In an edict of 1902 she did, though, eventually ban foot-binding. Protestant missionaries, some of them women, had been railing against female infanticide ever since the 1850s. Chinese reformers had anticipated them; so had the Catholic missions. But the Protestants, often American, were more numerous and better at organising; and while both infanticide and arranged marriages drew their fire, it was foot-binding which concentrated it. The first of many anti-foot-binding societies had been formed in the treaty port of Xiamen in 1874. As of 1895 a high-profile ‘Natural Foot Society’ based in Shanghai lobbied hard for official action. Reform-minded activists took up the cry and duly persuaded the dowager empress – who as an unbound Manchu probably disapproved of the custom anyway – to ban it. Christian schools, which unlike Confucian academies and local crammers had been ad
mitting girls since a Miss Aldersley opened the first in Ningbo shortly after the Opium War, generally made admission dependent on the pupils’ feet being unbound. But the link thus established between big feet and a foreign education seems to have cut both ways, for as late as 1909 ‘only around 13,000 girls were enrolled in schools [all run by missions] in the whole of China, and a few hundred more overseas’.1
Despite the efforts of missionaries, of social mavericks such as the Taipings and a few pioneering reformers who had been exposed to Western thought, dramatic change had to await all those wars and revolutions. When mobilising the masses, it helped to magnify them by including women; realising the nation’s potential meant extending educational opportunity to everyone, regardless of gender; discipline, deprivation and the other burdens of resurgence must also be shared. Yet nowhere in the world would so many emerge from such abject inconsequence, or overcome such hobbling handicaps, as the women of China in the twentieth century.
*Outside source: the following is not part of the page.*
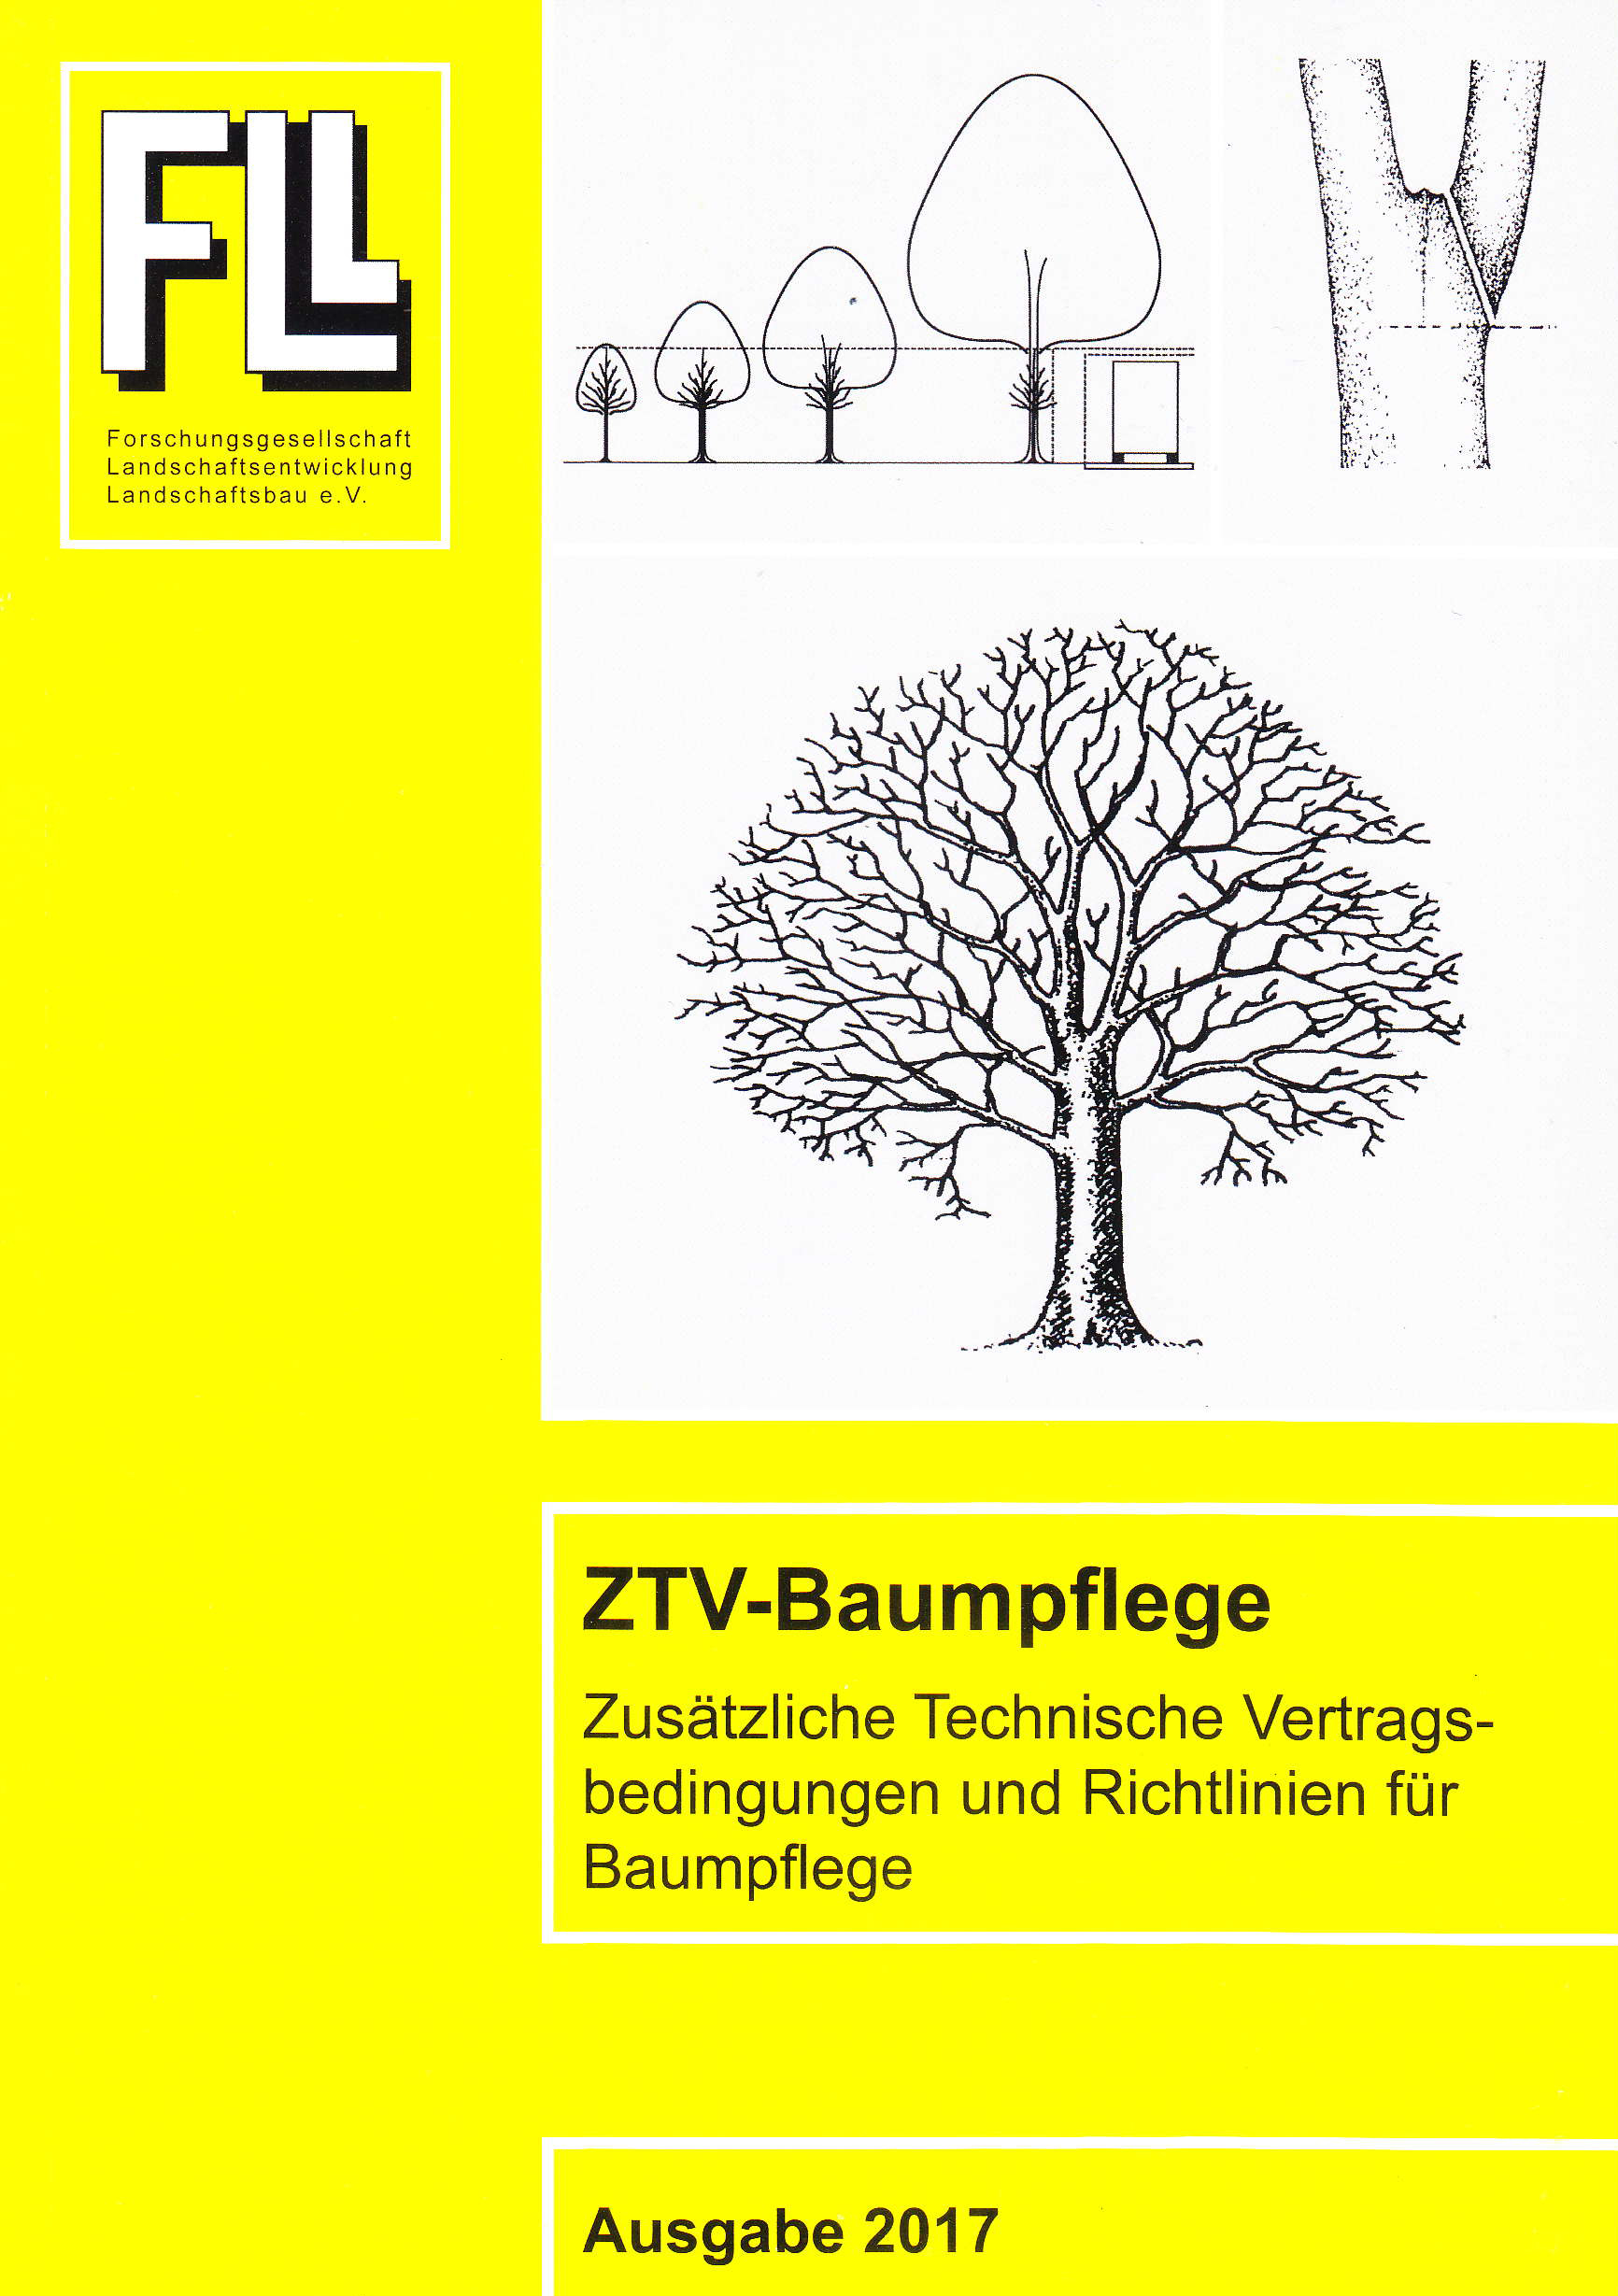 ZTV-Baumpflege Ausgabe 2017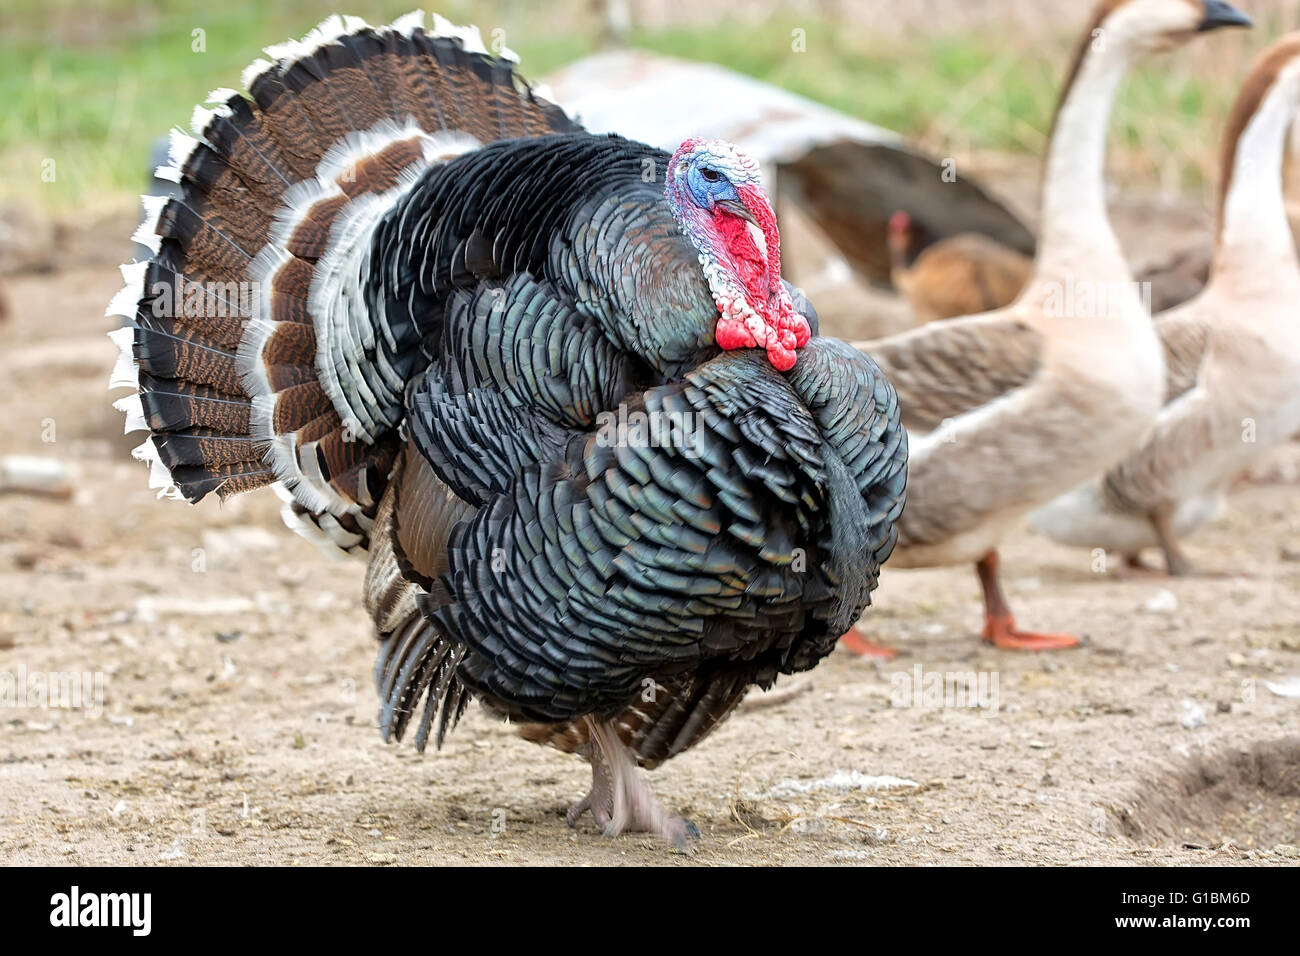 Turkey on the run on the farm Stock Photo

Another theme, common to many reform programmes and also designed to equalise opportunity, concerned the Chinese language in both its spoken and written form. The matter was of the essence. What distinguished China’s ruling elite and preserved its monopoly of office was familiarity with a demanding body of literature written in a refined and archaic medium (called wenyan). Government was conducted exclusively in this medium, as was scholarship and literary composition. The examination system with its formulaic ‘eight-legged’ essays was designed to assess not a candidate’s intelligence or ability but his mastery of this higher culture and his moral eligibility to be inducted into it. It has been estimated that male literacy in late Qing times was as high as 30–45 per cent (and female as low as 2–10 per cent), but for the most part this was literacy of a different kind, informal and basic in that it embraced the limited number of written characters needed to express vernacular speech. It afforded little understanding of the classical language and less of the ancient texts that gave that language its rich resonances and satisfying allusions. Popular works had long been written in the vernacular, including famous novels such as The Dream of the Red Chamber (or Story of the Stone) in the eighteenth century; but all that pertained to higher culture and government, the essence of Chinese identity, was beyond the reach of the majority of Chinese.